N | Nom_  | Soni_  | Savdo  | Foyda  | Val1  |  Val2
1 | Apple |    5kg | 5000   |   500  | UZS   |
2 | Banana|    4kg | 7000   |   800  | UZS   |
3 | Peach |    2kg | 2      |   0.2  |       |   USD

这是我的 SQL 代码。

select  s.nom_ , sum(o.soni_) as soni_ ,
   sum(o.soni_*(select narx_ from toper where id_=o.id_ )) as savdo_, 
   sum((o.soni_*o.narx_-o.soni_* (select narx_ from toper where id_=o.id_op ))) as foyda_,
   (select nom_ from tsinf where id_=o.id_v) as val_ 
      from toper o left join tsf f on o.id_sf=f.id_  
      left join tsinf s on o.id_s=s.id_  
where (f.date_>=date('2020-01-01')) and (f.date_<=date('2020-04-04')) 
and f.oper_=-1  group by id_s, id_v 

Answer 1

将您的查询放在CTE ，然后使用CASE表达式选择 2 列：

with cte as (
  select s.nom_ , sum(o.soni_) as soni_ ,
    sum(o.soni_*(select narx_ from toper where id_=o.id_ )) as savdo_, 
    sum((o.soni_*o.narx_-o.soni_* (select narx_ from toper where id_=o.id_op ))) as foyda_,
    (select nom_ from tsinf where id_=o.id_v) as val_ 
  from toper o left join tsf f on o.id_sf=f.id_  
  left join tsinf s on o.id_s=s.id_  
  where (f.date_>=date('2020-01-01')) and (f.date_<=date('2020-04-04')) 
  and f.oper_=-1  
  group by id_s, id_v
)
select nom_, soni, savdo, foyda_, 
  case when val_ = 'UZS' then val_ end as Val1,
  case when val_ = 'USD' then val_ end as Val2 
from cte

但是你应该知道条件：

where (f.date_>=date('2020-01-01')) and (f.date_<=date('2020-04-04'))

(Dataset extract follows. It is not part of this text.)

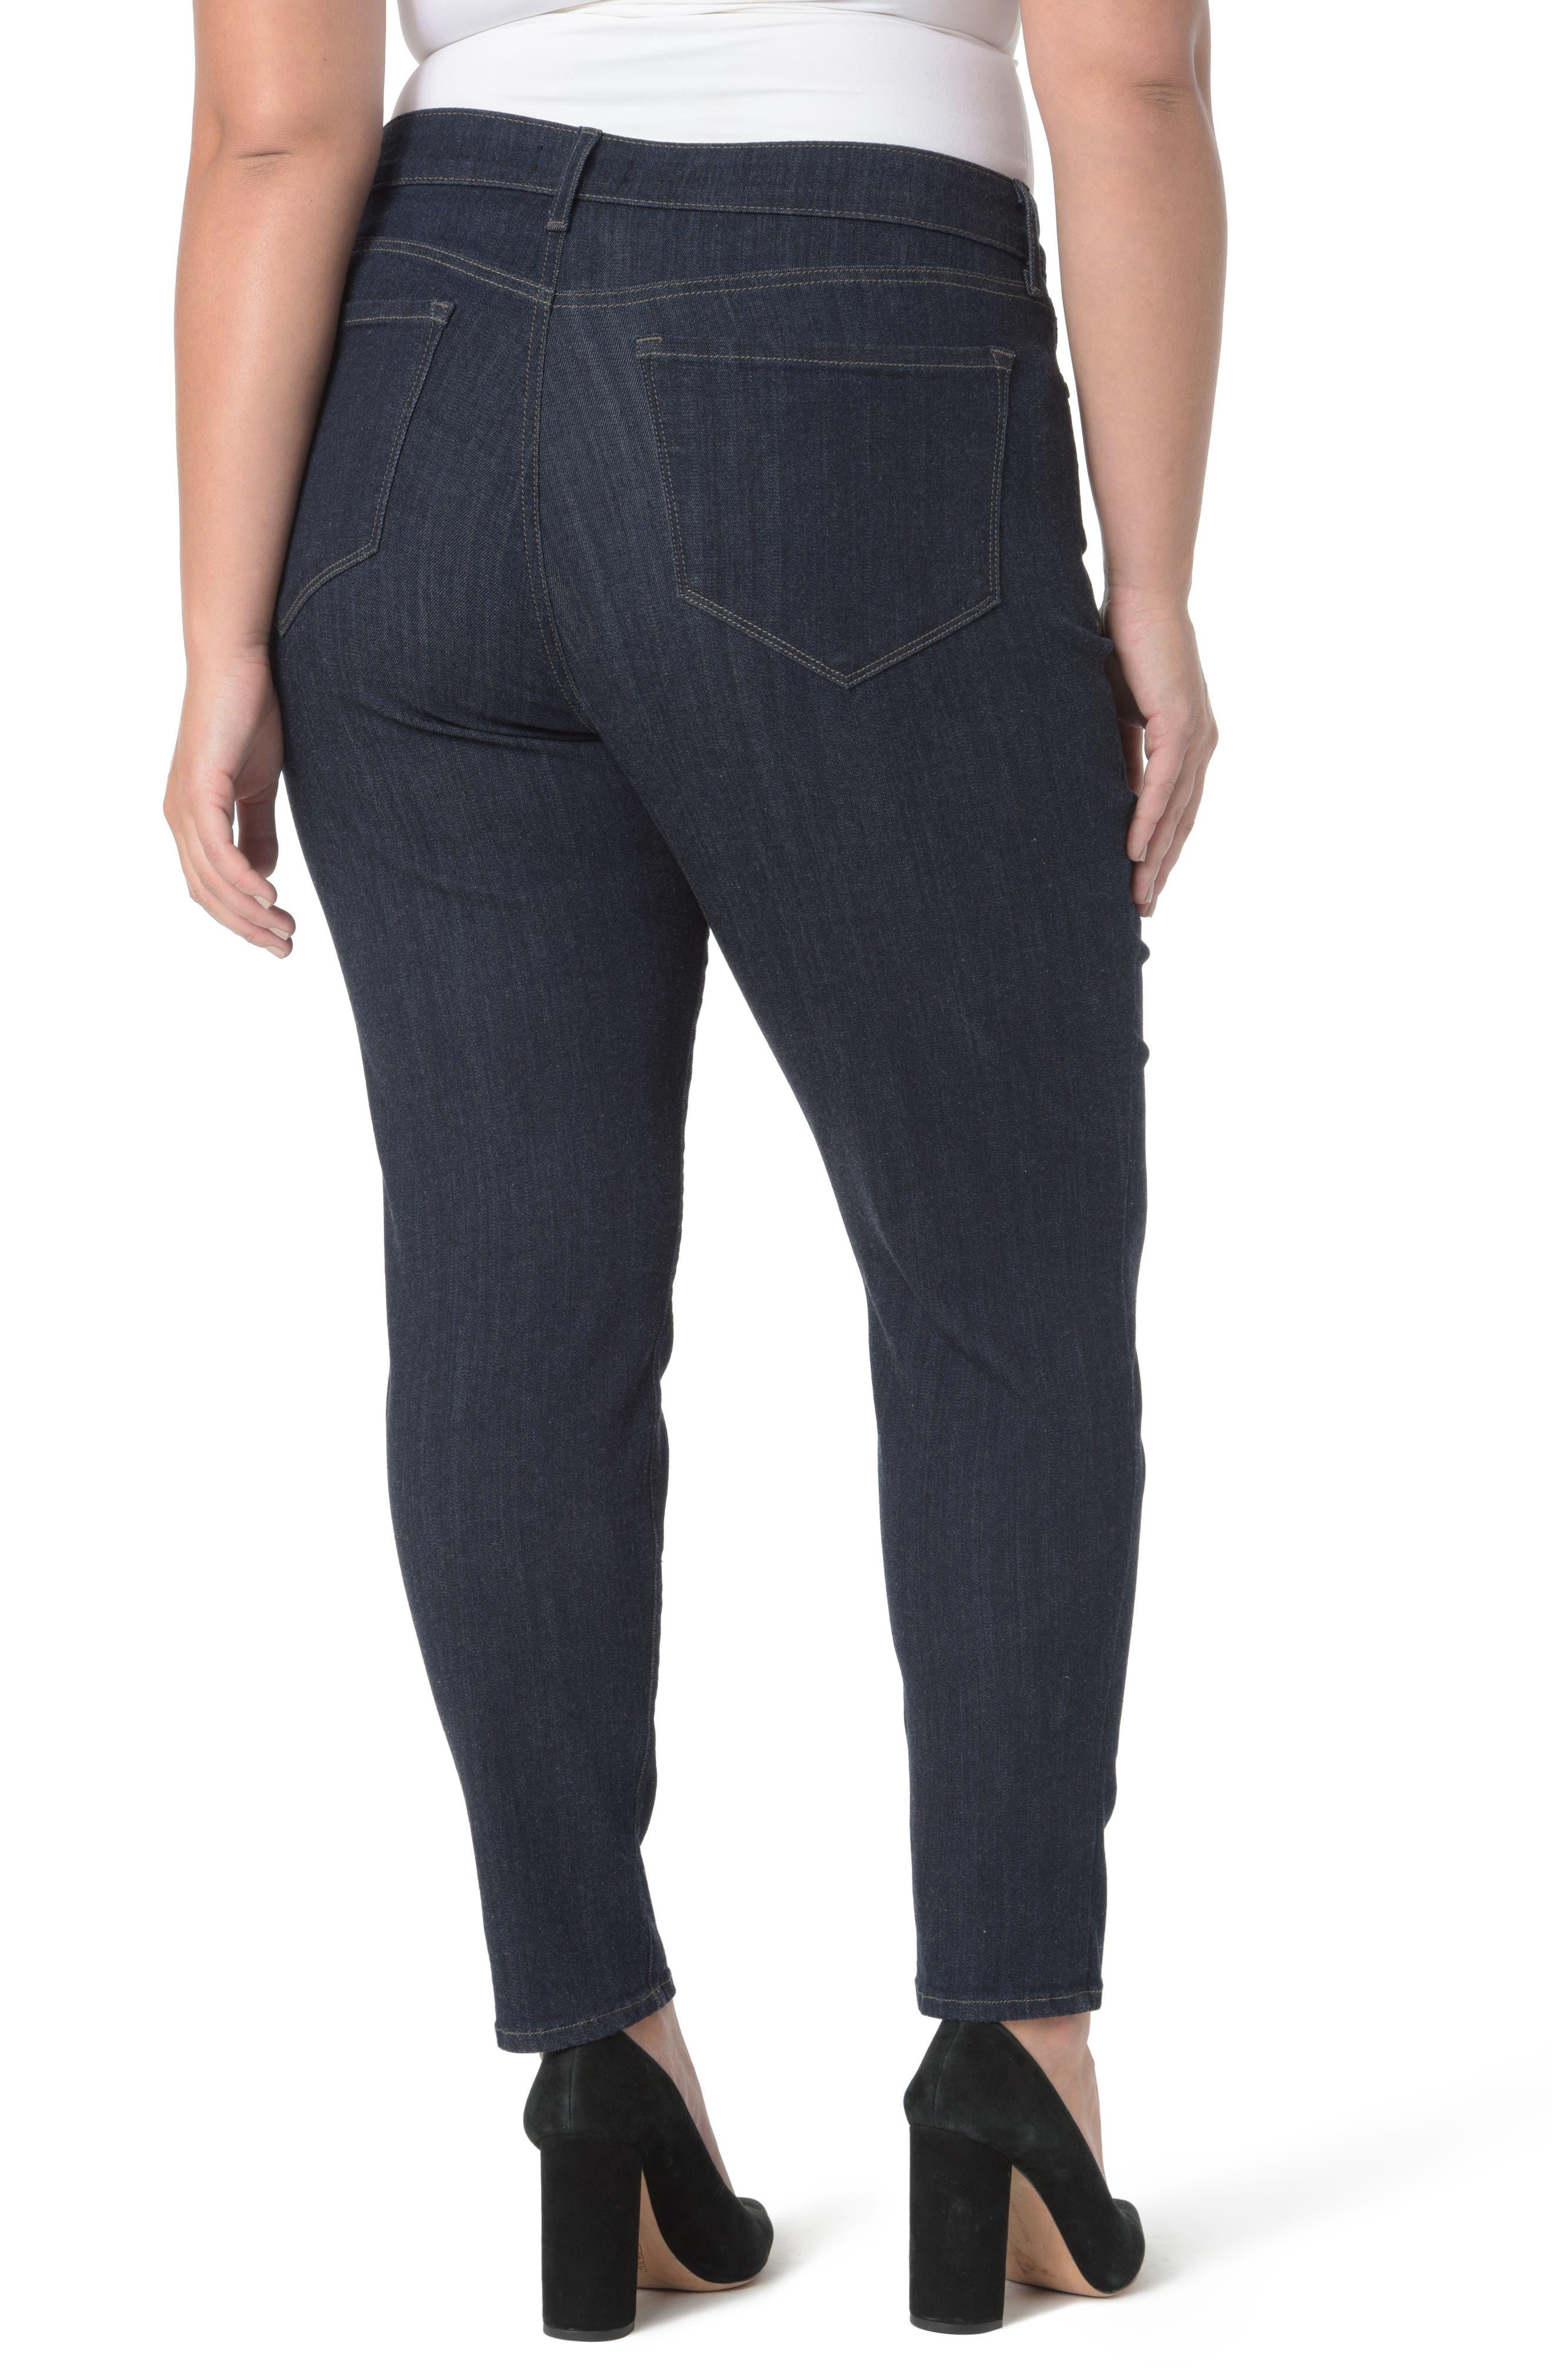 Ami Skinny Legging Jeans,                             Alternate thumbnail 2, color,                             Mabel
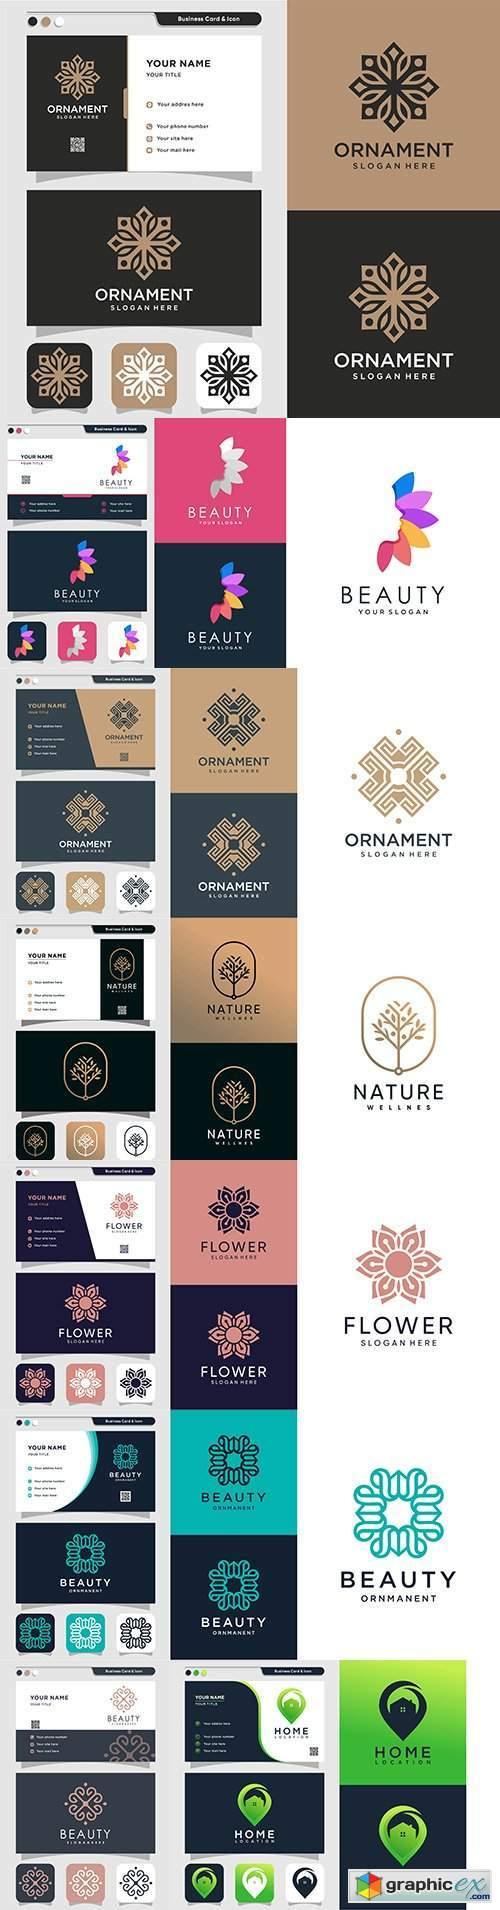 Minimalist elegant logo and business card design 6

将您的left连接更改为tsf到inner连接。 如果结果是你所期望的，那很好。 如果不将这些条件移动到ON子句。

此外，如果关系是 1:1，您可以使用joins而不是您在选择列表中使用的所有select语句。
尝试这个：

select  
  s.nom_, 
  sum(o.soni_) as soni_,
  sum(o.soni_* o2.narx_) as savdo_, 
  sum((o.soni_*o.narx_-o.soni_* o3.narx_) as foyda_,
  case when s2.nom_ = 'UZS' then s2.nom_ end as Val1,
  case when s2.nom_ = 'USD' then s2.nom_ end as Val2 
from toper o 
left join toper o2 on o2.id_=o.id_
left join toper o3 on o3.id_=o.id_op
left join tsf f on o.id_sf=f.id_  
left join tsinf s on o.id_s=s.id_ 
left join tsinf s2 on o.id_v=s2.id_  
where (f.date_>=date('2020-01-01')) and (f.date_<=date('2020-04-04')) and f.oper_=-1  
group by id_s, id_v

Answer 2

我会将子查询移动到FROM子句（使用LEFT JOIN ）。 那么拆分只是两个CASE表达式：

select s.nom_ , sum(o.soni_) as soni_,
       sum(o.soni_*(select narx_ from toper where id_=o.id_ )) as savdo_, 
       sum((o.soni_*o.narx_-o.soni_* (select narx_ from toper where id_=o.id_op ))) as foyda_,
        (case when sv.nom_1 = 'UZS' then sv.nom_1 end) as uzs,
        (case when sv.nom_1 = 'USD' then sv.nom_1 end) as usd
from toper o left join
     tsf f
     on o.id_sf = f.id_  left join
     tsinf s
     on o.id_s = s.id_ left join
     tsinf sv
     on sv.id_ = o.id_v
where f.date_ >= date('2020-01-01') and
      f.date_ <= date('2020-04-04') and 
      f.oper_ = -1 
group by id_s, id_v ;

我还建议删除toper的子查询，但这将是另一个问题。